- TASK DETAILS: Lines with the string "chair" are to be identified in the listing and copied.

- EXTRACTED ENTRIES:
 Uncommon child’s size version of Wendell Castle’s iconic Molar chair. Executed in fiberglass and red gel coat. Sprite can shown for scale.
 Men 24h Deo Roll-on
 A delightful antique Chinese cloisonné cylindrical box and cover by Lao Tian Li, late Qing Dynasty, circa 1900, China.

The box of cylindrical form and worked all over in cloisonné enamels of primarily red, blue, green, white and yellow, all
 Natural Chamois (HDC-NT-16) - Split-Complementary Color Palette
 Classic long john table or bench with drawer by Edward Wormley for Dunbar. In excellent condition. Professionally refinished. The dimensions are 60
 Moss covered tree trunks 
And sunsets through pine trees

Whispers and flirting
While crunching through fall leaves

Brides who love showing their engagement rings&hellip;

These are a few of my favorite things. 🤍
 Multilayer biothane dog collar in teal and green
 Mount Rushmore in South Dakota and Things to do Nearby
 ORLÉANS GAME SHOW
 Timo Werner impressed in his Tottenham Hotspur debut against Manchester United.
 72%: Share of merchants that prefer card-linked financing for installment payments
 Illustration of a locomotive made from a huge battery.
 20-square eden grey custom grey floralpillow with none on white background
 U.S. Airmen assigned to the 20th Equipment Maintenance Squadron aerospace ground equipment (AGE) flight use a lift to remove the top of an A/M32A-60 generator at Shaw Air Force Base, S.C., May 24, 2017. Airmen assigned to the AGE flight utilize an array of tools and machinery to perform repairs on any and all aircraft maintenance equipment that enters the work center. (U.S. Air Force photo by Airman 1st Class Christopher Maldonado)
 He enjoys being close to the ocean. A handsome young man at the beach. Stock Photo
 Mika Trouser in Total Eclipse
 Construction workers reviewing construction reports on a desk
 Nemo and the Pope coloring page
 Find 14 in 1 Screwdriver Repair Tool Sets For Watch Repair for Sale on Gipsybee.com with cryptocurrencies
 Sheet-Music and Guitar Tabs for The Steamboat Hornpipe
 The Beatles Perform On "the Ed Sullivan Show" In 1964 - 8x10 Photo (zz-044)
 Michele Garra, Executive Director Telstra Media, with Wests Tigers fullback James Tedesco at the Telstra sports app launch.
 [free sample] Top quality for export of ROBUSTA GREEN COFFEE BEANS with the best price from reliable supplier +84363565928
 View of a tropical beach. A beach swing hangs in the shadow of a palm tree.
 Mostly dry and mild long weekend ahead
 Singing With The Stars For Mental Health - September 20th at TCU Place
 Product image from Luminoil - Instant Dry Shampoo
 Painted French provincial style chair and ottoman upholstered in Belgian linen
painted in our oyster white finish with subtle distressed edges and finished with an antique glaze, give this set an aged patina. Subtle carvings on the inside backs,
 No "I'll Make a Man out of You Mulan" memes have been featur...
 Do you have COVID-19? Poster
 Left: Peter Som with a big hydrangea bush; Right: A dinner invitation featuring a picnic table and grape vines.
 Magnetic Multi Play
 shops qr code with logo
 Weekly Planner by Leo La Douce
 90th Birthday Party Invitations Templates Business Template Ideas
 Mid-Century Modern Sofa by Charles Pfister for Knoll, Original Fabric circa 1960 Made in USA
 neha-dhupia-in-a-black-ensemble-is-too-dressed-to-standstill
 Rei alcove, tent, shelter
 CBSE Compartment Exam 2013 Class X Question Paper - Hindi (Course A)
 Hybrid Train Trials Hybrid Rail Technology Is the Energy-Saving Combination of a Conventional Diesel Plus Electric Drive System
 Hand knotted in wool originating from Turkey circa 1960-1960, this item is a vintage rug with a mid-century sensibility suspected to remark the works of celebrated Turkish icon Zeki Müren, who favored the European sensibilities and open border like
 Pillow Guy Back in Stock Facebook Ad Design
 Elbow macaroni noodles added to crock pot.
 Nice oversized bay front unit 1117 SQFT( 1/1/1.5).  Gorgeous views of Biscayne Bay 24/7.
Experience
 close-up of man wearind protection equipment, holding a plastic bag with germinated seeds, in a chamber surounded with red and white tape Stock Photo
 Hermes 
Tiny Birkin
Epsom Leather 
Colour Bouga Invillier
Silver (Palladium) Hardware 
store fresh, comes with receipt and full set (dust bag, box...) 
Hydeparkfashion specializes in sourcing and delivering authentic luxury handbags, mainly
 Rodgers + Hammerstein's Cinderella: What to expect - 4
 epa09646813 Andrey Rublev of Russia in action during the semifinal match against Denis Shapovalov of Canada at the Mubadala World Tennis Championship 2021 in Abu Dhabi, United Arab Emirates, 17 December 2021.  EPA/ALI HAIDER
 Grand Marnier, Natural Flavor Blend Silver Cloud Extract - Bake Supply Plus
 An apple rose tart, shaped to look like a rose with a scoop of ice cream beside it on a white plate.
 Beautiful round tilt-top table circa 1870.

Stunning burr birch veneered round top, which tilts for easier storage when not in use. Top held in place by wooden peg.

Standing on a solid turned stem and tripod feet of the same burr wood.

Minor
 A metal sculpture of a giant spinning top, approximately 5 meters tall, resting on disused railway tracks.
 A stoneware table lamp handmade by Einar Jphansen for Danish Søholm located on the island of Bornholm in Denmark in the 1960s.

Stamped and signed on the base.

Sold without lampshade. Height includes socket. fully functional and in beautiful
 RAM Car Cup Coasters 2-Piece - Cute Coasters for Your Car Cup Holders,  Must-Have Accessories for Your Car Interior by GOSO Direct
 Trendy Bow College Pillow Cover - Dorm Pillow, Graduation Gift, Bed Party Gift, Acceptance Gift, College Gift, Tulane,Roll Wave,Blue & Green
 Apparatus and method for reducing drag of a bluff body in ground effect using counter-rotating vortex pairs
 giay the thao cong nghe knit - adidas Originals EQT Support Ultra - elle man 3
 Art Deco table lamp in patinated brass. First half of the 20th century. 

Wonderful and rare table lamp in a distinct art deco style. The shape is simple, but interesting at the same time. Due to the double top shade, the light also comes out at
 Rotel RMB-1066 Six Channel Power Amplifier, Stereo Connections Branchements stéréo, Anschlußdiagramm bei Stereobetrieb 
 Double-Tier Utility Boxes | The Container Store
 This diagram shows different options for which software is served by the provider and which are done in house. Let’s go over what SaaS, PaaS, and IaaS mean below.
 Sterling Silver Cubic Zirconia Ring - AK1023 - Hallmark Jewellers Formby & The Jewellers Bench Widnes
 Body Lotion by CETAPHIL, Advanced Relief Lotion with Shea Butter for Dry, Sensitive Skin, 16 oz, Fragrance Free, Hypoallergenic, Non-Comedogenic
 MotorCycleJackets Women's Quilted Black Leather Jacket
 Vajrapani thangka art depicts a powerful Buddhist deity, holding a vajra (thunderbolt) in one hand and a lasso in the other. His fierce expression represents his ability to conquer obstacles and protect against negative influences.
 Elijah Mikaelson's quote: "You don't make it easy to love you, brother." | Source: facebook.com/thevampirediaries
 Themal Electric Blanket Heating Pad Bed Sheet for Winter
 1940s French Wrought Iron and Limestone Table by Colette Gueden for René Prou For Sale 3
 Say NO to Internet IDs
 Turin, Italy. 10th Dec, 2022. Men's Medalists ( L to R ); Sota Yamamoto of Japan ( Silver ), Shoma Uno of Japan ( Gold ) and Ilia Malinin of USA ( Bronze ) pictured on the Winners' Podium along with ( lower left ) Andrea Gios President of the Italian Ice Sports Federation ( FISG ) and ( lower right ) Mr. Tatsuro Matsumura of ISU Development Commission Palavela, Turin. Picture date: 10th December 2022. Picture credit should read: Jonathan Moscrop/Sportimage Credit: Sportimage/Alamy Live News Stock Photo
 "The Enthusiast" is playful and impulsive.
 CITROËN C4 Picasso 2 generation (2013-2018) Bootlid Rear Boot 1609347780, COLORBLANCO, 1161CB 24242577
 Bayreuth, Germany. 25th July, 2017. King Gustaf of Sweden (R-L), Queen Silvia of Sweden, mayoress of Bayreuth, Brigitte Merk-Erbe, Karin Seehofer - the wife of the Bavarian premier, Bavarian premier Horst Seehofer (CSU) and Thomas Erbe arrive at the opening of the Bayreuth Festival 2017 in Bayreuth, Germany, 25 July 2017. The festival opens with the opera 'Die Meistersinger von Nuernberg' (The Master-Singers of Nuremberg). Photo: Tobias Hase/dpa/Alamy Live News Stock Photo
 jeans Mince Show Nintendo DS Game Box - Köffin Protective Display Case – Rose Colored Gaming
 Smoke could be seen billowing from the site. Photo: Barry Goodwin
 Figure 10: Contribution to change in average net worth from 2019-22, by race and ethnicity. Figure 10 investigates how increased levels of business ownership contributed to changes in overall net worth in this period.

- EXERCISE SOLUTION:
 Uncommon child’s size version of Wendell Castle’s iconic Molar chair. Executed in fiberglass and red gel coat. Sprite can shown for scale.
 Painted French provincial style chair and ottoman upholstered in Belgian linen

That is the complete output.